If you are the Keeper, a thorough study of this tome will reap great rewards in terms of local colour and the myriad ideas for plots that will spawn as you read through it. Do, however, share it with your players; let their characters consult it during the game or even let them read it at their leisure between games.
The main part is a discussion of places, an occult gazetteer. Divided into geographical areas (beginning with the Square Mile of the City of London itself), entries are then alphabetical, making it relatively easy to find the one that you want. For each location there are notes on relevant occult connections (note: occult, rather than Mythos), with frequent references to ghost sightings, inexplicable feelings or smells and the like. Much lies unexplained - and that's the fun part, any one might become the basis of one of your plots, or at least be part and parcel of it. You barely need to lay out the clues, they are here for the party to find for themselves! Period images mingle with snippets of lore at every turn.
There is also a section on various people, some historical like John Dee, others supposedly contemporary figures of the occult scene. Perhaps the Investigators will encounter them in their travels, or seek one out if their knowledge is appropriate to the matter in hand.

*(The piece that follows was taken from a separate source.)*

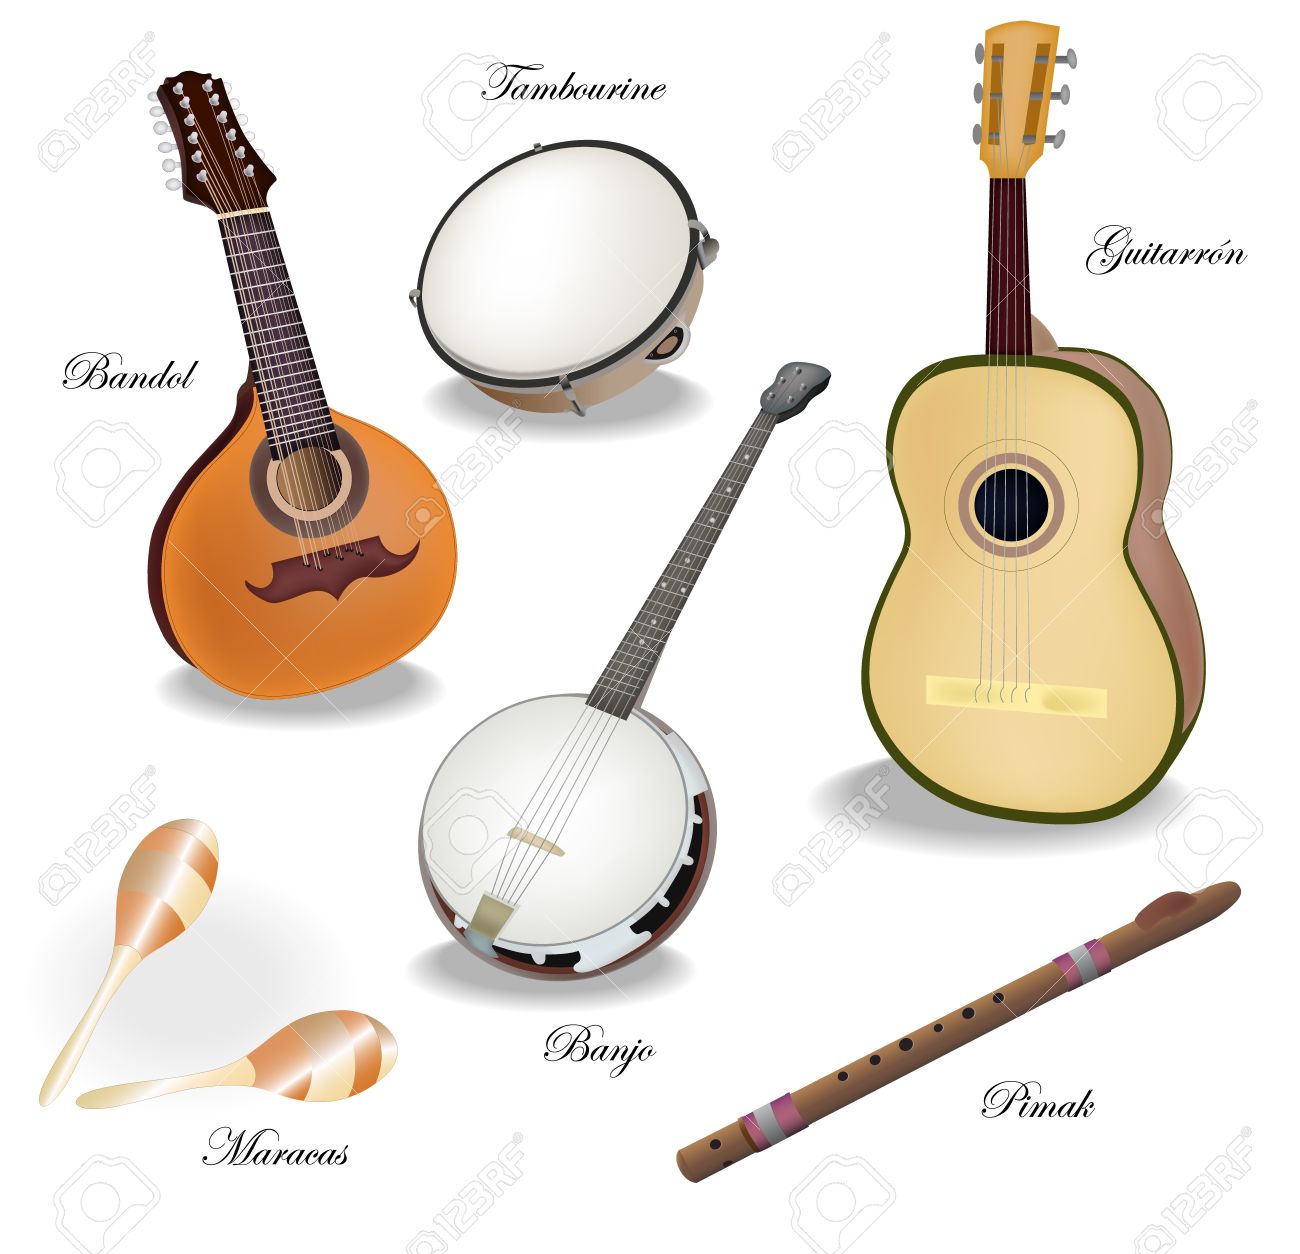 Banjo Stock Photos Images. Royalty Free Banjo Images And Pictures.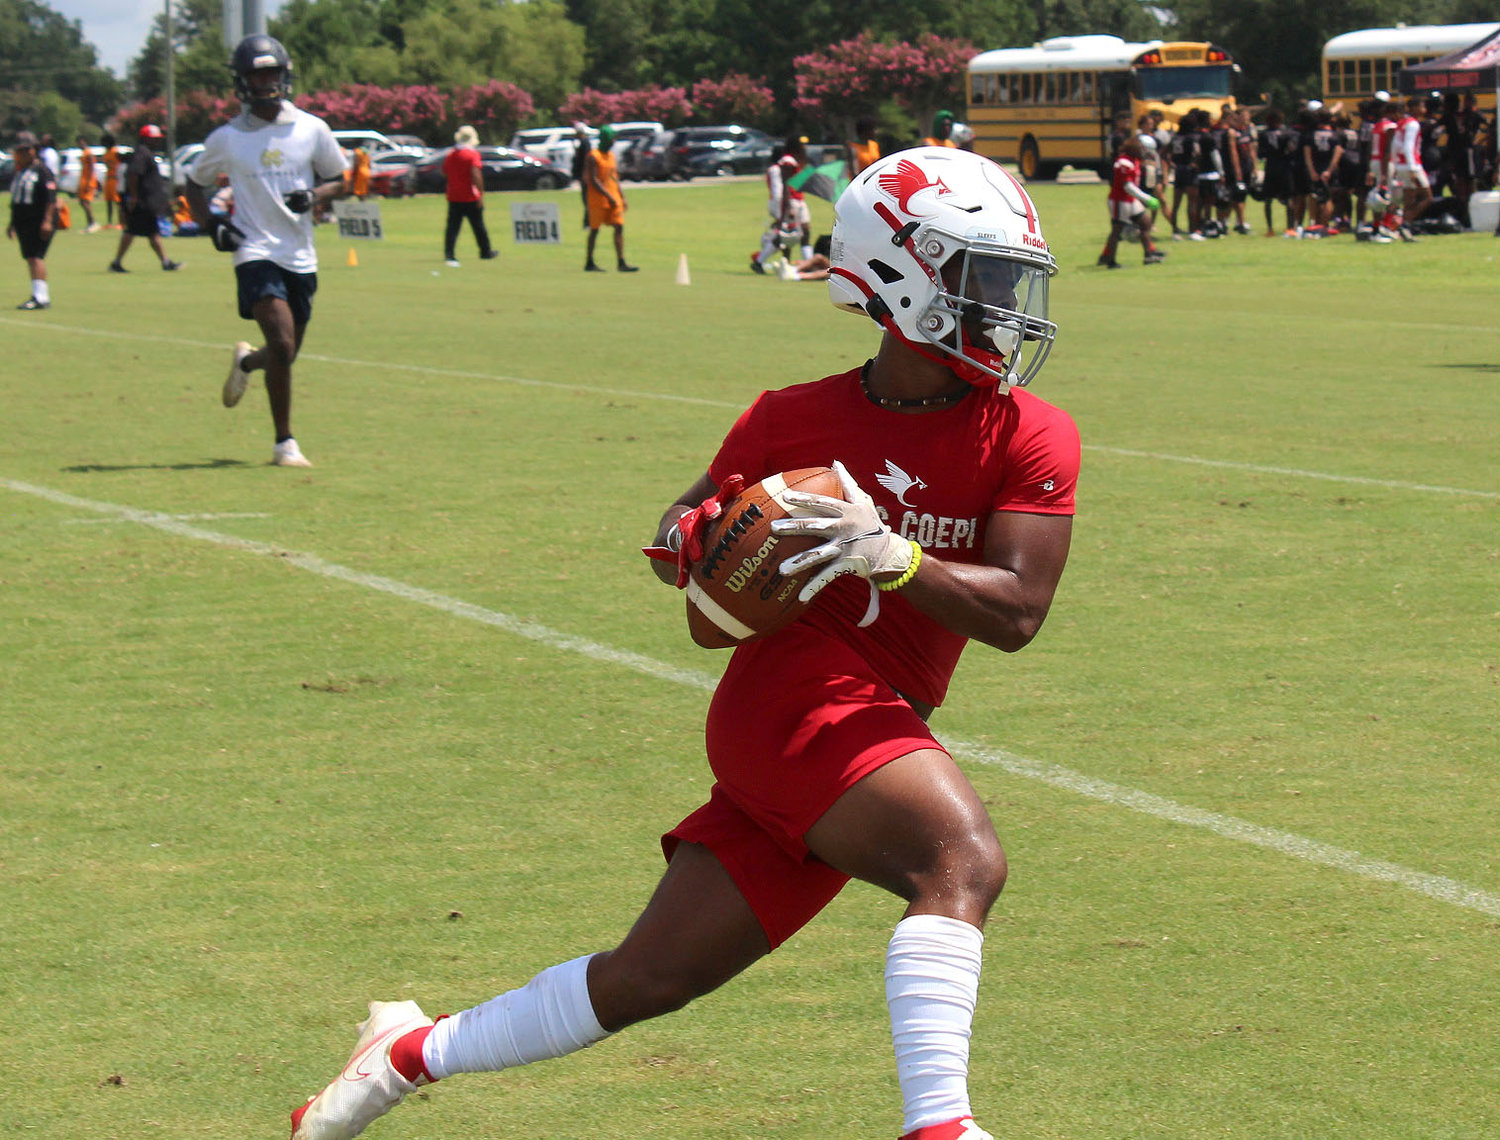 St. Michael senior Braylan Green secures a catch and turns up field for a touchdown during the Cardinals’ pool-play game against the Mobile Christian Leopards at Daphne’s Al Trione Sports Complex during the Jubilee City 7-on-7 Tournament last Thursday.

Again, reading many of these entries suggest encounters and plots a-plenty.
As a casual read this is a fascinating work. Even if you are not a role-player, or prefer other genres of game, it makes for an entertaining read if you have an interest in occult lore or indeed if you know your way around London - if you are not near to there, you can pull up most of the locations on Google Maps! (Or if you have Bookhounds of London, the extensive 1930s London maps therein will come in handy in orienting yourself.) If you do play any Myths-related game, or one based in the 1930s or thereabouts, it becomes an invaluable in-character resource.